Tuesday, February 16, 2016
The challenge we all face in data today is ensuring that we use data as it is intended. Often data consumers are guilty of using data with little or no knowledge of its source or lineage. The more complex data gets; the bigger this problem of becomes.
It is imperative for data organizations get a grip on what is meant by metadata and how to best include it within the processes which lead to data-driven decisions. Metadata as defined by many as data about data, but it is much more than that. It provides a description of the data including it attributes, relationships, business rules, along with data about how to retrieve, use and manage it.
Metadata makes it easier for everyone to talk about data in a singular and consistent manner.

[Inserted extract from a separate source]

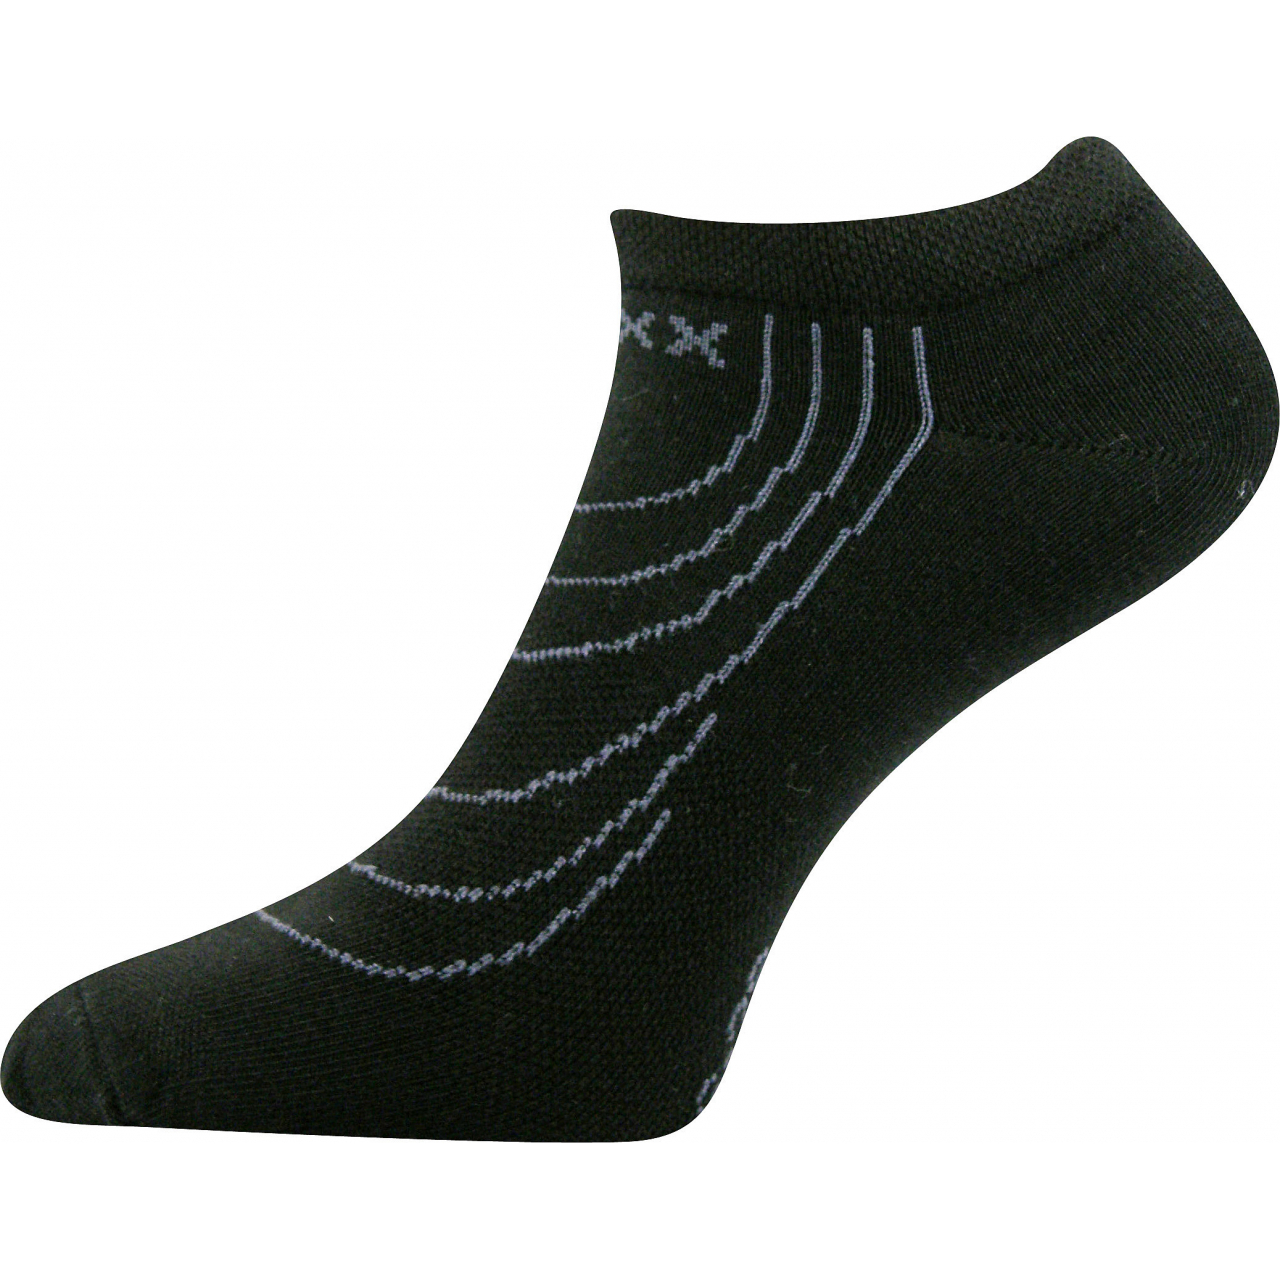 Ponožky nízké Voxx Rex - černé, 43-46

Therefore it is critical for long-term data success to get metadata collected and managed. This is not simply a one-time exercise but rather a continuous process. The task may seem daunting but in reality is that you must eventually bite the bullet and get started or you are doomed to failure or at least serious confusion.
To begin the organization should look to the most business critical systems and clearly document their data. I would suggest that all organizations find a metadata tool to support this need. This can be a difficult as many of these tools are costly and often organizations have trouble justifying their cost. As an alternative you can manage it through a custom solution or Excel (if necessary) but find some way which data can be shared and utilized as desired.
Metadata is a complex subject and it is made more complex by Big Data. In this area we often say that we only enforce a schema at the time we require the data. Although this is one of the powers of Big Data it is also one of its troubling approaches. In many ways this goes against the basic foundation for data governance but we cannot simply avoid it we must deal with it. I believe that any data which we collect can be documented. We can capture metadata based on this data. It should document the possible uses for the data and the alternative structures which are available. Although the data may be “schemaless” it still has structure and this should be captured and shared.
Ultimately we must realize that we cannot simply hope that our data is used as expected; we need to be sure it is.